風色明媚

     ふうしょくめいび : 「二木一郎 日本画 ウェブサイトギャラリー」付属ブログ

2014年 7月3日 木曜日

2014年07月03日 | 仕事場
まずは、昨日終了しました長野市ながの東急での個展にご来場いただきました皆様
並びに素敵な花をお贈りくださいました方々へ、心より御礼を申し上げます。
今後の展覧会にも是非ご来場いただけますよう謹んでお願い申し上げます。




昨年の12月以降中断していましたイタリア・シエナのドゥオーモの夜景(20号)
そして3月末以来中断していましたイタリア・トゥスカーニアのサン・ピエトロ聖堂(50号)
両作品は、共に6月より再開しています。

シエナのドゥオーモは半年間中断した間に問題点がいろいろ見えてきて
再開後は概ね順調に筆が進みました。

トゥスカーニアのサン・ピエトロ聖堂は、中断した時点で大筋はできているように思えましたので
再開後は、粛々と細部の調整に終始しています。



イタリア・シエナのドゥオーモの夜景 20号 (最終回)





2013年11月下旬の状態。

スッキリしない印象があり、絵の強さ・決め手に欠けるという想いがありました。
一本筋が通ったと言いますか、すべての物が渾然一体となった統一感が弱いように思うのです。
薔薇窓のほぼ全面に映り込んだ月と、聖堂の壁一面に散り嵌められた彫刻などの装飾が煩雑に見え
壁面の表情・厚みなどが弱く感じられます。

まず最初に気づいたことは、薔薇窓に映り込んだ雲の量が多過ぎること。
そこで雲の量を減らすことから始めました。
そして薔薇窓以外の壁面は、細部の描写よりも月光が染み込んだような空気感をより優先すべく
聖母像の周囲の聖人たちの彫刻は、より暗く落とし、コントラストを下げるなどして作業を進め
制作開始から約1年を経て、ようやく仕上がったところです。





 「月のファサード」 72.7 x 57 cm








イタリア・トゥスカーニアのサン・ピエトロ聖堂 50号 (第6回)





中断する直前の3月20日頃の状態です。

絵の骨格というべきものは大筋でできているように思っていましたので
再開後の仕事は細部の詰め、そして最も留意しているのは質感表現です。
質感というのは材質である石の質感だけではなく、絵肌の質感、築後700年あまりを経た時間の厚みというものも含まれます。

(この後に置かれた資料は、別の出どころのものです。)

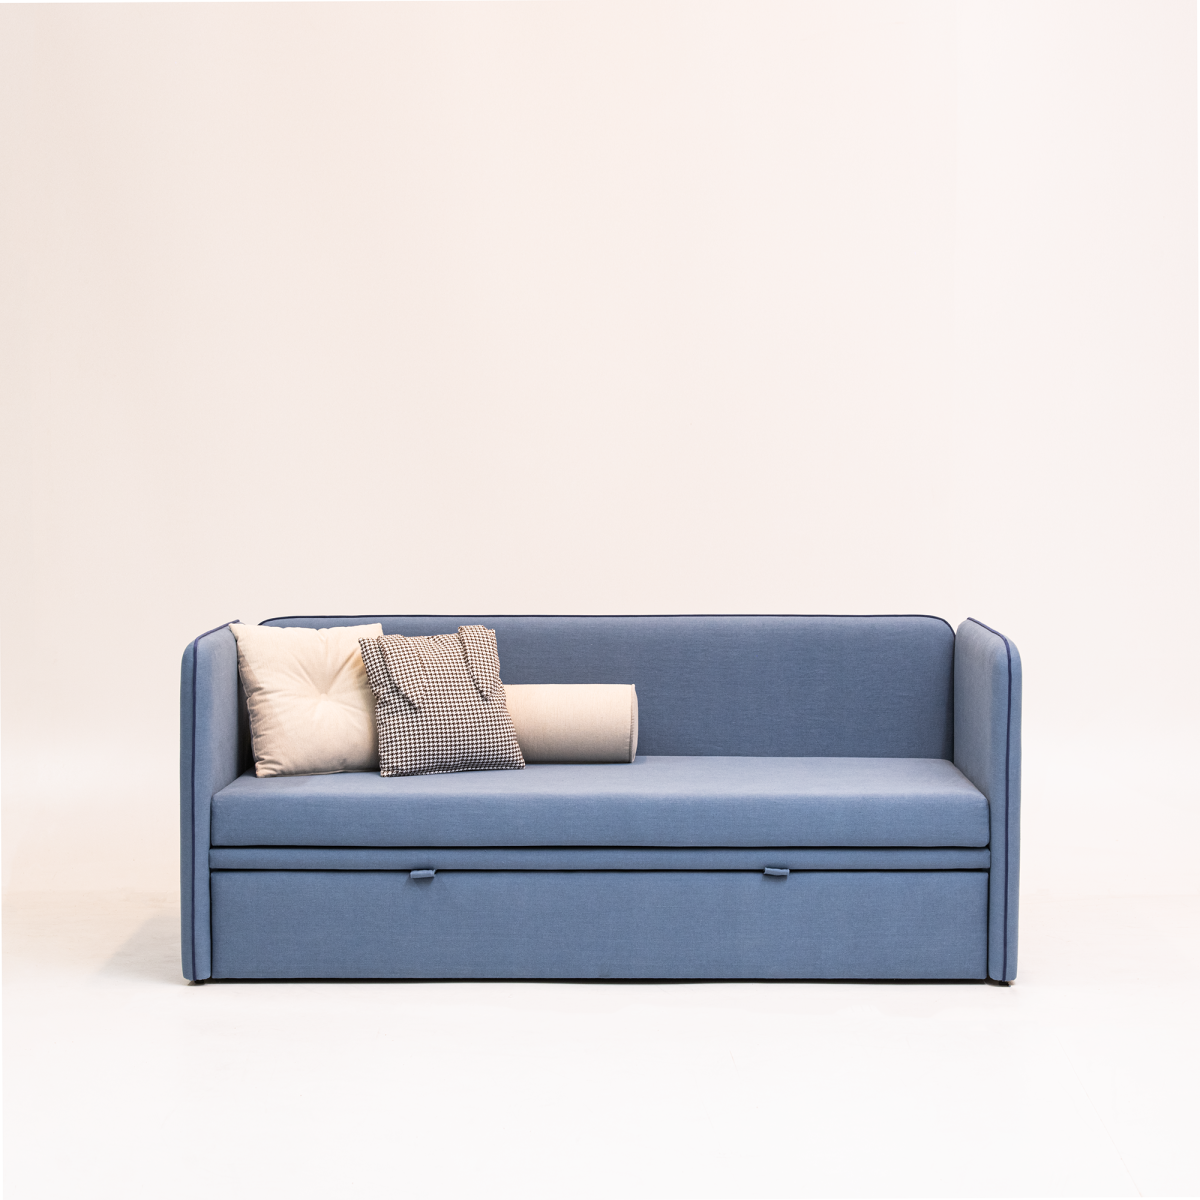 Детская кровать-диван на заказ с минималистичным дизайном

中断する少し前から、描きながら常に傍らに置いて参考にしていたのは、この聖堂の洗浄前の画像でした。
比較的近年だろうと思いますが、この聖堂は洗浄を施されて綺麗に甦っています。
対して、洗浄前は白い大理石でさえ黒ずみ、所々には鉄錆色も見え、建物の部材には欠損が目立つような状態でした。
時間の厚みを表現するには、単に古色を加えればいいというものではありませんが
一日にしては成らない古色が大きなヒントになることは確かです。






現在の状態です。

一目で分かるほどの大きな変化はありません。
前回までは黒に近い濃いグレーまでしか使っていませんでしたが
再開後は黒を使って画面を締めながら、細部の調整を主体に続けています。
しかし、細部の調整だけで済むとは限りませんので
場合によっては大きな調子の流れを見直す必要が出てくるかもしれません。
いよいよ大詰めです。



今年も早半年が過ぎ、相変わらずのスローペースで仕事が続いています。
好き好んでスローペースにしているわけではありませんが、決断力の乏しい性格では致し方ないところです。
が、間もなくトゥスカーニアも仕上がると思いますので、そろそろ次作の準備もしないといけません。

次作の一つは「滝」を50号で描くことが決まっています。

滝? 何とも古風な題材だねぇ。鯉の滝登りでも描くの? ぎゃはは! などと笑ってくださいますな。
古いヤツだとお思いでしょうが、題材に古いも新しいもないので~す。